However, the variables selection problem for GWR models has not been analysed in depth yet. This type of regression carries a great computational burden, as the area of influence for local estimates needs to be determined and, in addition, a linear regression for each element in the sample must be estimated. The most common procedure to address this problem is to obtain the best OLS model and then convert it to local regression by means of GWR (e.g., see, [21,24]). The authors of [25] proposed an alternative that worked directly with the GWR model by means of a forward stepwise algorithm considering the corrected Akaike Information Criterion (AICc) as a measure of goodness of fit. However, their method was applied to a model with much smaller number of variables than the problems we address.

The methodology proposed in this paper was employed to determine the best GWR model that explains the rental price of the entire properties advertised on Airbnb in Gran Canaria (Spain). To this end, a database containing 150 variables has been generated. The rest of the paper is structured as follows. Section 2 describes the methodology suggested for selecting the price determinants, as well as the data extraction. The results obtained after applying the proposed procedures are discussed in Section 3. Finally, Section 4 presents conclusions and future working lines.

3. Methods and Data

3.1. GWR Model

In this paper, we aim to identify the price determinants of P2P properties distributed in a certain area. To do this, we have information stored in a dataset $X=\left\{x_1,x_2,\dots ,x_K\right\}$, with $k\in \left\{1,2,\dots ,K\right\}$, where x_k describes certain characteristic of the property. We assume that the rental price p can be explained by means of a linear expression of these characteristics (independent variables). Therefore, the multiple linear regression model states that p can be expressed as

$$p={\beta }_0+{\displaystyle \sum _{k=1}^K{\beta }_k{x}_k+\epsilon }$$

(1)

where parameters ${\beta }_k$ are the coefficients measuring the effect of changes in x_k on price, and ε is a normal distributed error term with zero mean and constant variance (homoscedasticity). Given a sample of n properties, ($p_i;x_{i1},\dots x_{iK}$), i = 1, …, n, the coefficients can be estimated by means of the OLS method. The homoscedasticity condition implies that errors do not depend on the observations location. When this condition is not fulfilled (heteroscedasticity), other methodologies taking into account the errors variability are more suitable.

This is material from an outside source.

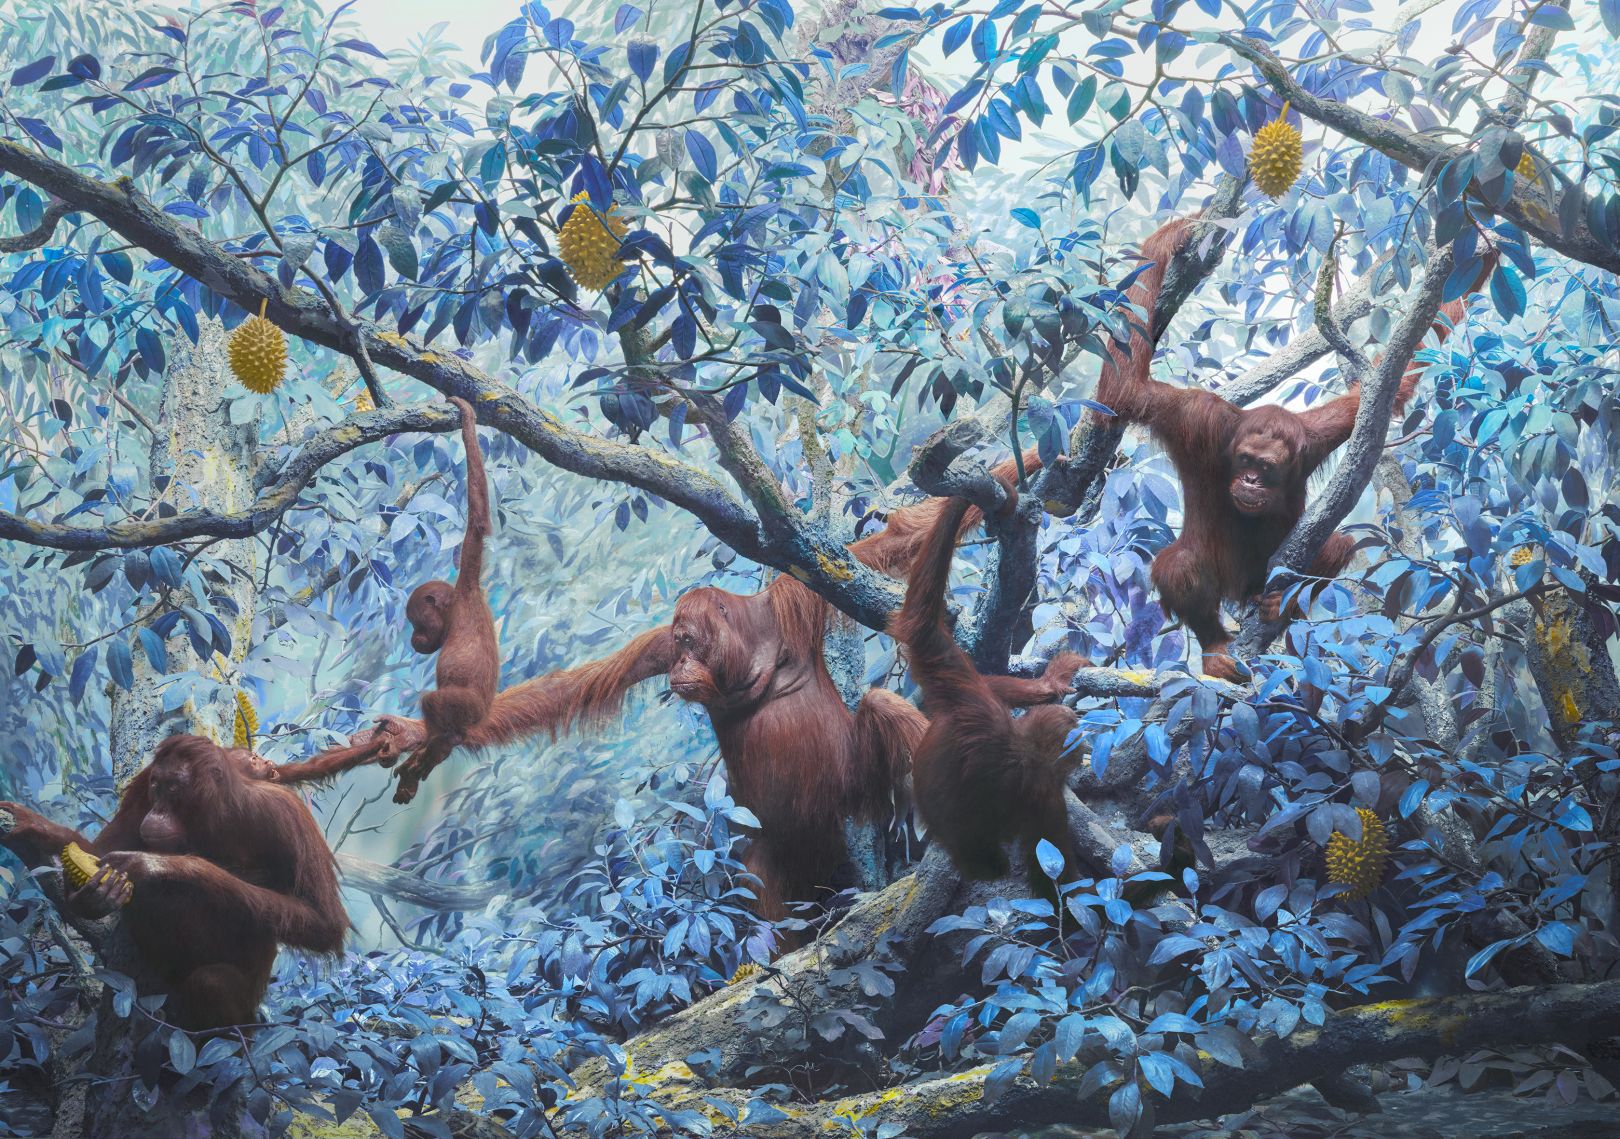 Сюрреалистические цифровые картины Джима Нотена (Jim Naughten) подчеркивают дикую природу

The estimates using OLS are considered global in the sense that they produce the same effect throughout all sample observations. However, there are some cases where the coefficients are not spatially homogeneous. In these situations, the application of the GWR model is a good alternative. The GWR model can be written as

$$p_i\left(u_i,v_i\right)={\beta }_0\left(u_i,v_i\right)+{\displaystyle \sum _{k=1}^K{\beta }_k\left(u_i,v_i\right)x_{ik}+{\epsilon }_i},i=1,\dots ,n$$

(2)

where $\left(u_i,v_i\right)$ represents the geographic coordinates associated to the ith property, and ${\beta }_k\left(u_i,v_i\right)$ is the estimated coefficient for variable $x_k$ associated to that property. The ${\epsilon }_i$ is the error term in regression at $\left(u_i,v_i\right)$, which is independently normally distributed with mean zero and constant variance. In the model estimation, a weighting function (kernel) is used to represent the interrelationship between properties. The weights are included in the estimates by means of a weight matrix similar to that used for the weighted least squares models, but with the difference that the matrix is calculated for each individual in the sample. Therefore, given a property i, located at coordinates $\left(u_i,v_i\right)$, the weight matrix is given by the diagonal matrix $W_i\left(u_i,v_i\right)=diag\left(w_1\left(u_i,v_i\right),\dots ,w_n\left(u_i,v_i\right)\right)$, where $w_j^{}\left(u_i,v_i\right)$ is the weight of the property located at $\left(u_j,v_j\right)$ on estimated coefficients for property i. This method has the advantage that the coefficients can be estimated at any point $\left(u,v\right)$ in space since the weight matrix $W\left(u,v\right)$ depends on its location [16].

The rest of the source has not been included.